Provided data:
*-*-*
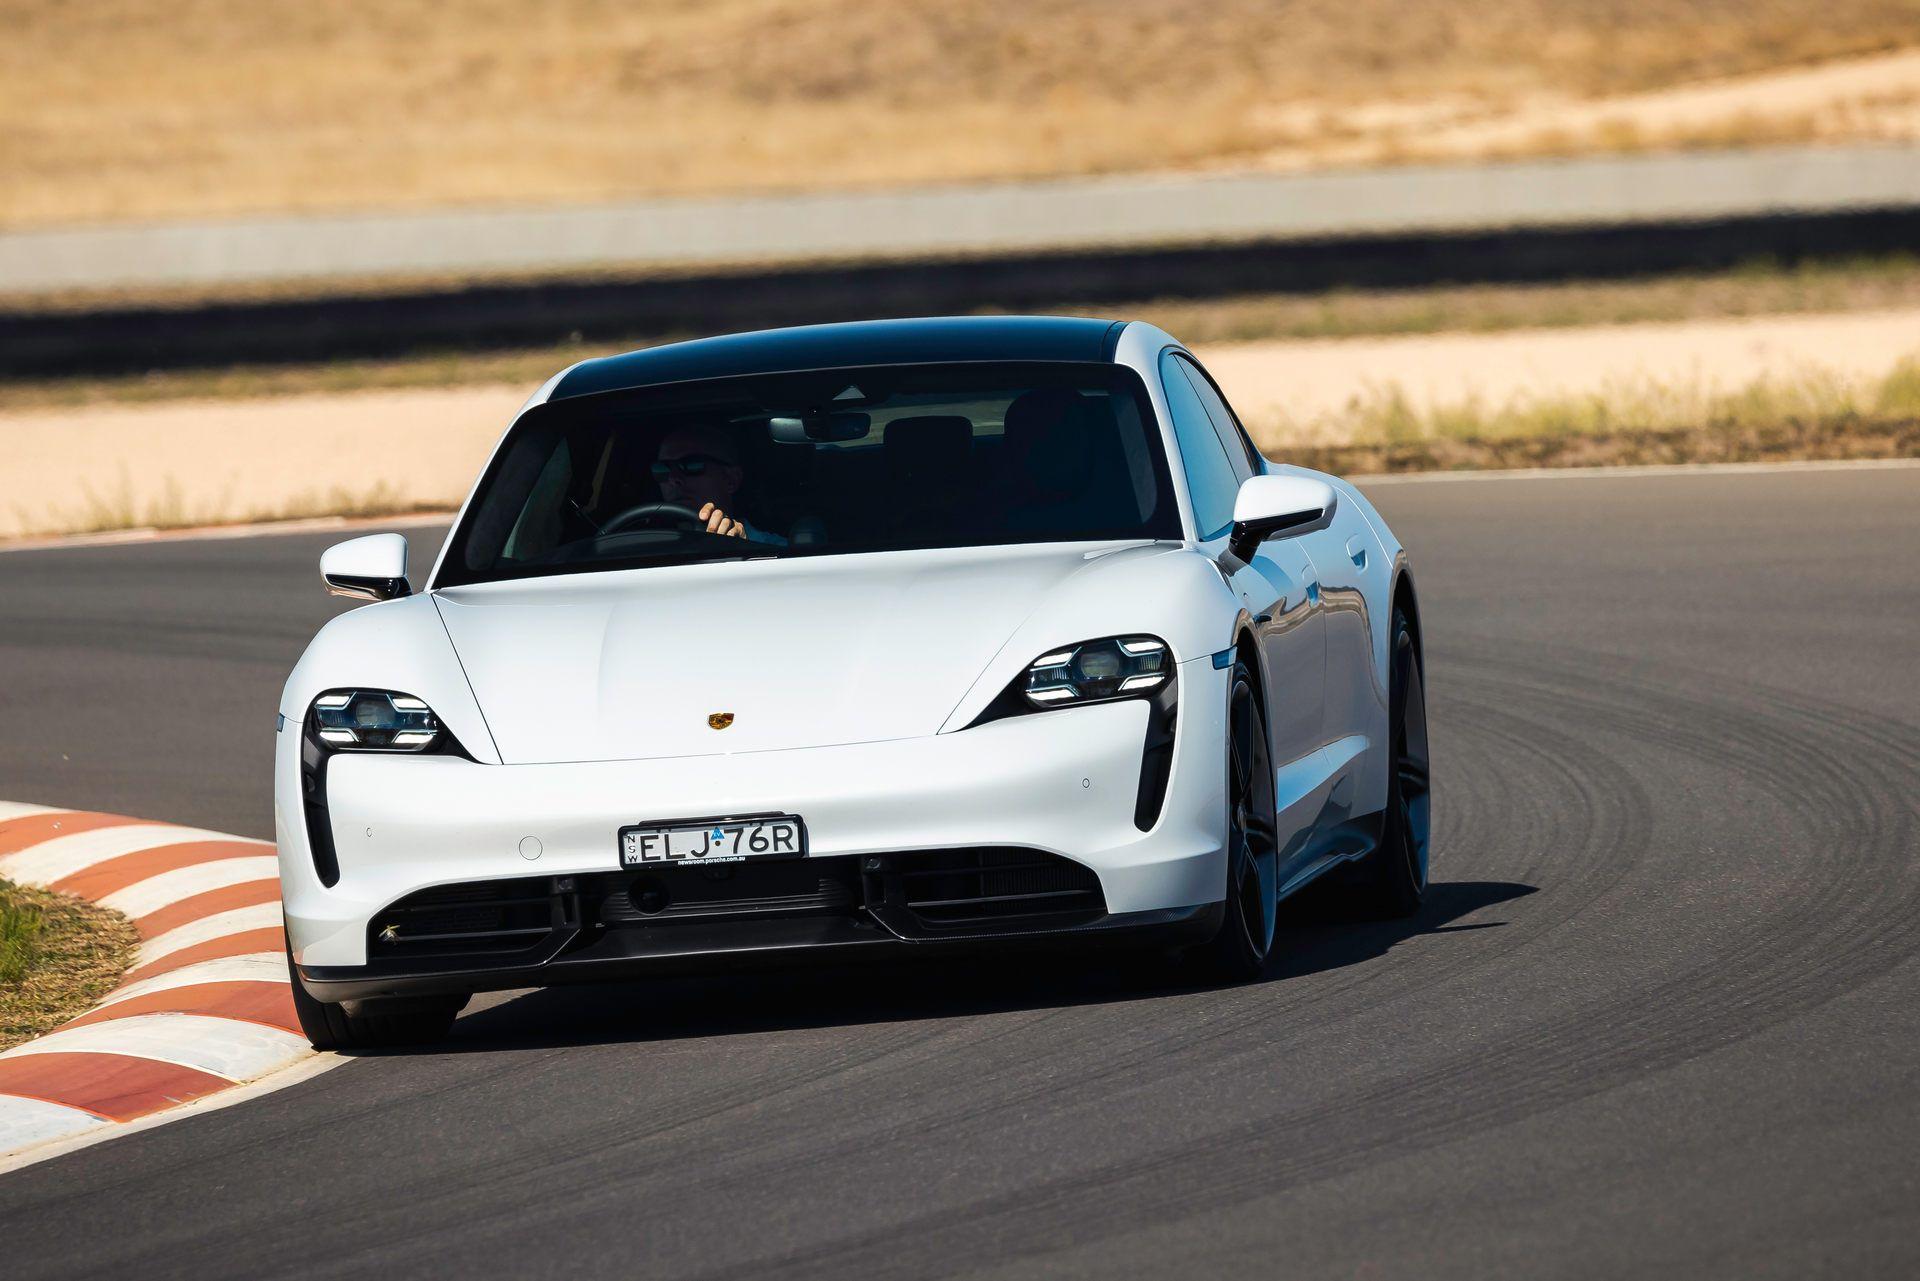 Porsche-Taycan-Turbo-S-The-Bend-Motorsport-Park-28
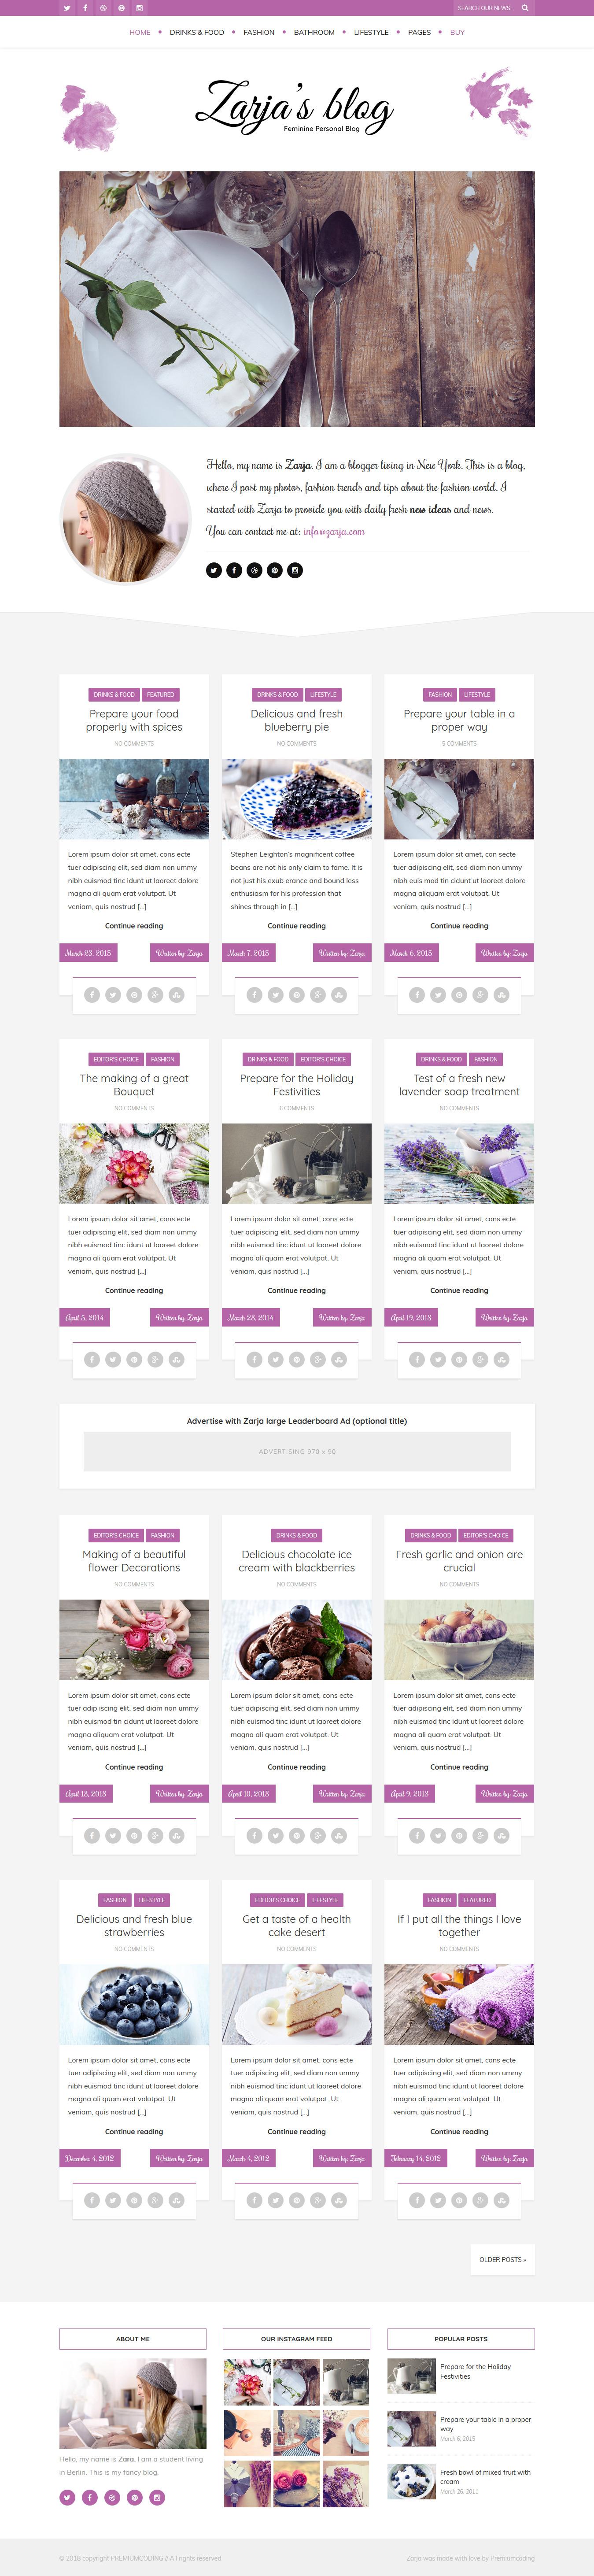 zarja blog best premium feminine wordpress theme - 10+ Best Feminine WordPress Themes (Premium Version)
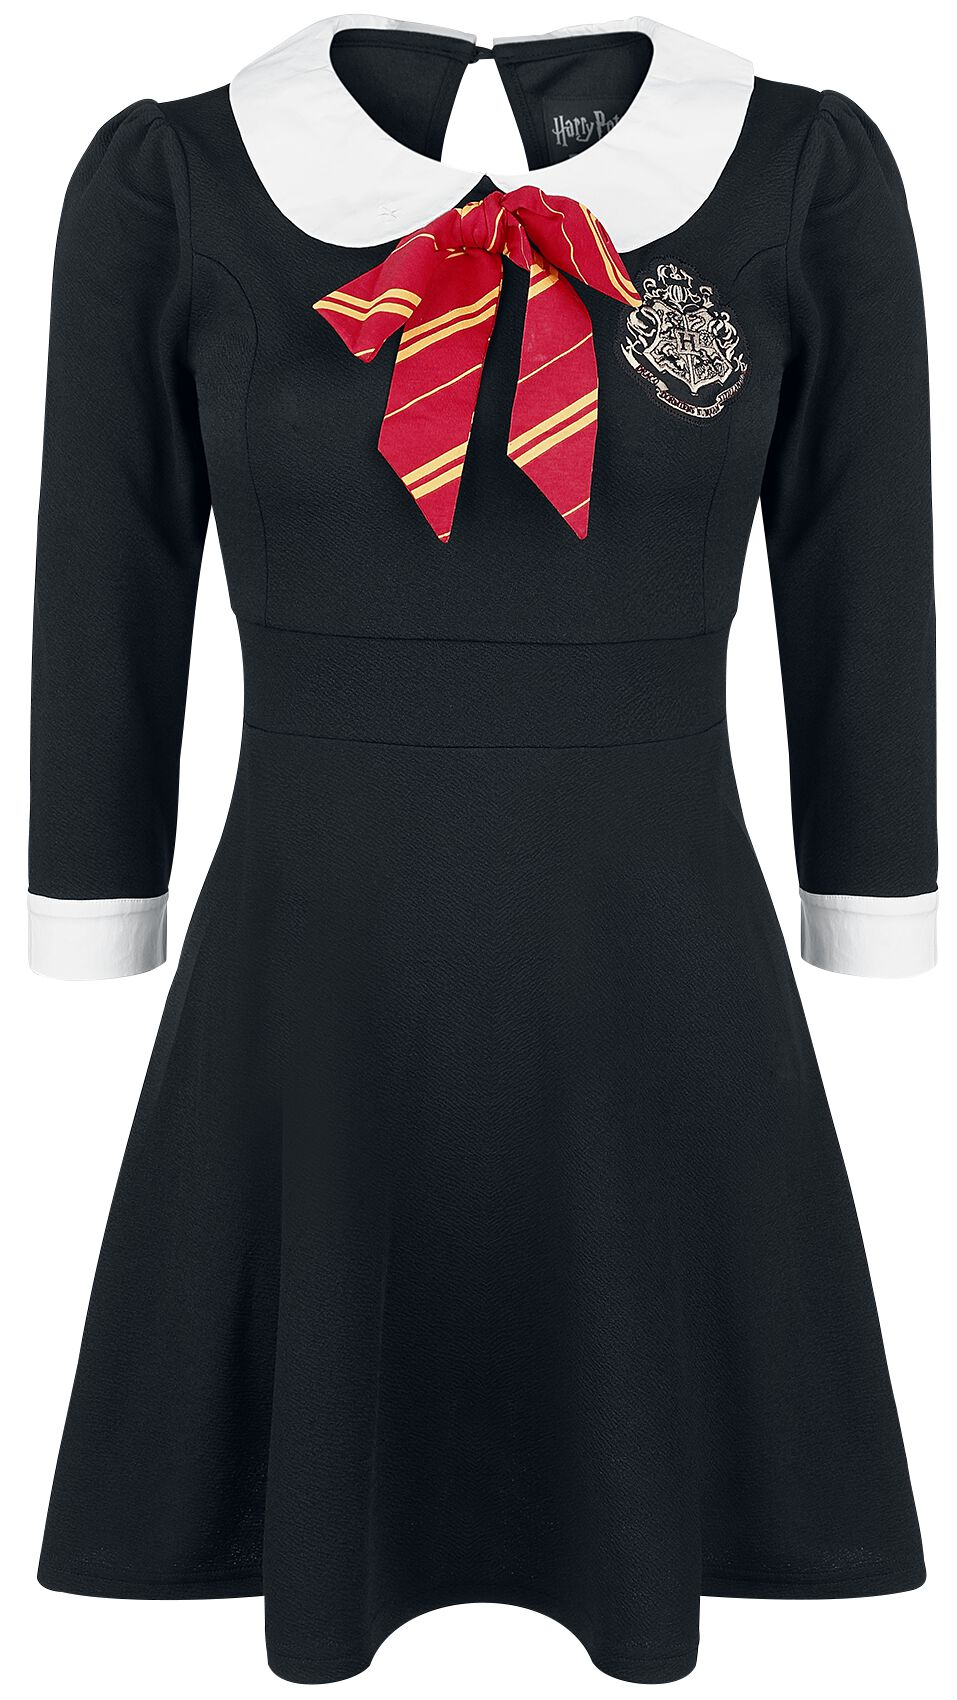 Harry Potter Hauskleid Sukienka czarny
*-*-*
What you are asked to do:
Your output must consist only of the lines from the line with "zarja blog best" through the final line of the data, both included, reproduced exactly and free of pictures.

Answer below:
 zarja blog best premium feminine wordpress theme - 10+ Best Feminine WordPress Themes (Premium Version)
 Harry Potter Hauskleid Sukienka czarny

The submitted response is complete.